そうして一通り質問が終わって俺が決断を下す。
「では、今からお前らを始末するが……構わないな?」
「「「「は?」」」」
転生神の助言通り、俺を明らかに下と見ている4人を殺すことにした。
「馬鹿なの? たった今魔法に目覚めたばかりのヒヨッコが私達に勝てるとでも思っているのかしら?」
「勝てるさ」
「この神界は先達である我らの領域だ。貴様など指先1つで吹き飛ばせるぞ」
「ここは神界なんかじゃない」
「……どうして断言出来る?」
「本物の神界に行ったことがあるからだ」
「……なんだと?」
「お喋りはここまでだ」
そうして俺は右手に【それ】を出して構えた。
洗練された形状を持つ15+1発の装填数を持つ自動拳銃。
生まれてこの方銃など持ったことはないが、俺に合わせてカスタマイズされているのか手にしっかりとホールドされている。
「ははっ、何それ? そんな物で僕達を殺せると本気で思っているの?」
「…………」
既に会話の時間は終わっているので俺は躊躇なくあざ笑った少年の姿の男に向けて引き金を引いた。
パン! と乾いた銃声を上げて弾丸が銃口から飛び出して行き、その射線上に居た少年の姿の男は片手を上げて結界を構築して――頭を吹っ飛ばされて死んだ。
「「「……は?」」」
唐突に死亡した少年の姿をした男の現状が理解出来ないのか残りの3人は呆然と立ち尽くす。
待っていてやる義理もないので2発目を撃って――老人の姿をした男の頭を同じように吹っ飛ばして殺した。
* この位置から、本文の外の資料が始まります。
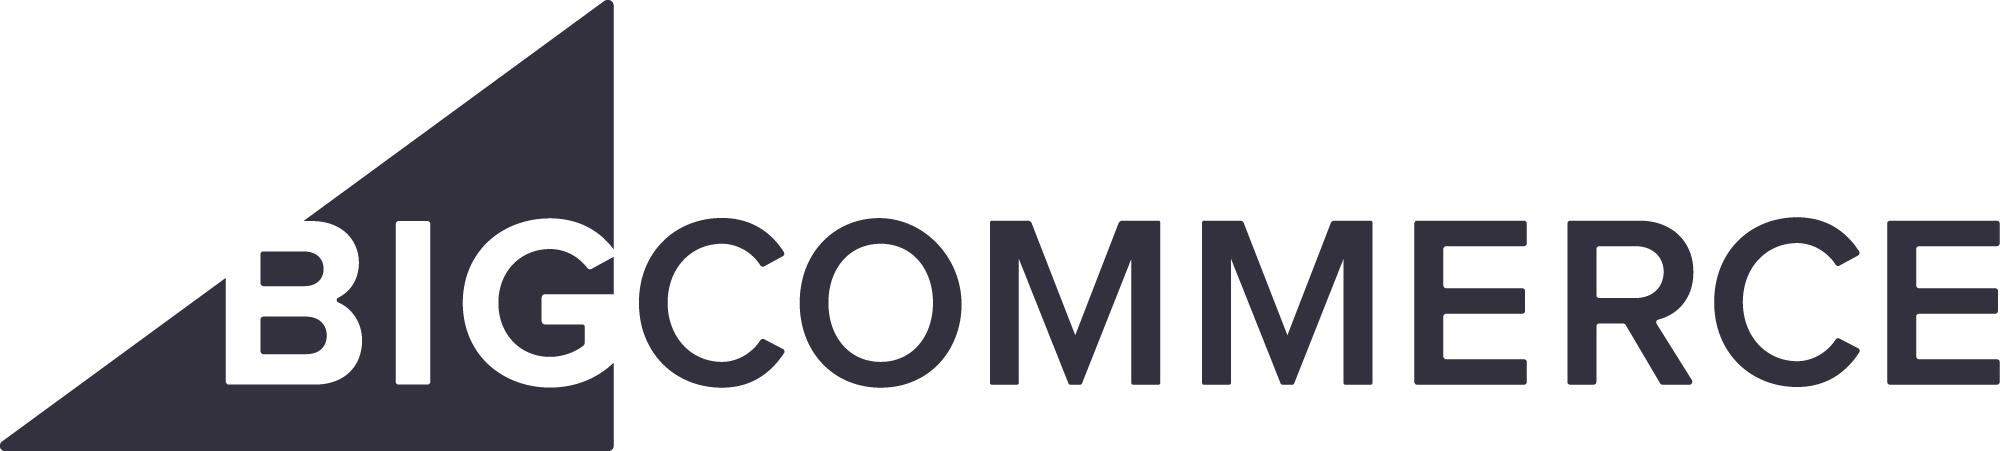 BIGCOMMERCE - Plateforme de commerce électronique pour Acumatica

「ど、どういうことよ! 魔法使いになった私達がこんなに容易く……!」
更に3発目を撃って喚いている老婆の姿の女を狙う
「舐めるなっ!」
俺の攻撃が防御不能だとは理解したのか、老婆のような女は全力を回避に注ぎ込んだ。
老婆のような女は俺が撃った弾丸を回避して――追いかけて――回避して――追いかけて――回避して、回避しきれずに頭を撃ち抜かれて死亡した。
「なんなのよ、それ。なんなのよ、それ! なんなのよぉ、それぇっ!」
最後の少女のような女が煩いので冥途の土産に特別に教えてやることにした。
「神滅兵器【
まぁ、神を殺す特攻兵器なので相手が魔法使い程度では全ての力は解放されないが、それでも十分過ぎる威力だ。
うん。俺の中の負のエネルギーが形を成した結果、出来上がったのが【これ】だったのだ。
俺の中で16年も眠っていて、ついさっき完成したばかりの神殺しの銃。
狙った対象の力に比例して弾丸の威力が倍増するし、避けようとしても何処までも追いかけて行くし……。
「冗談じゃないわよ!」
最後に残った少女の姿をした女は超高速で逃げ出した。
それは光速と言っても過言ではない速度。
恐らく、これが魔法を使った成果なのだろうけれど……。
「無駄だ」
神滅兵器【
4発目の弾丸は光速に近い速度で逃げ出した少女の姿をした女の倍の速度で飛んで行って――頭を吹っ飛ばして殺害した。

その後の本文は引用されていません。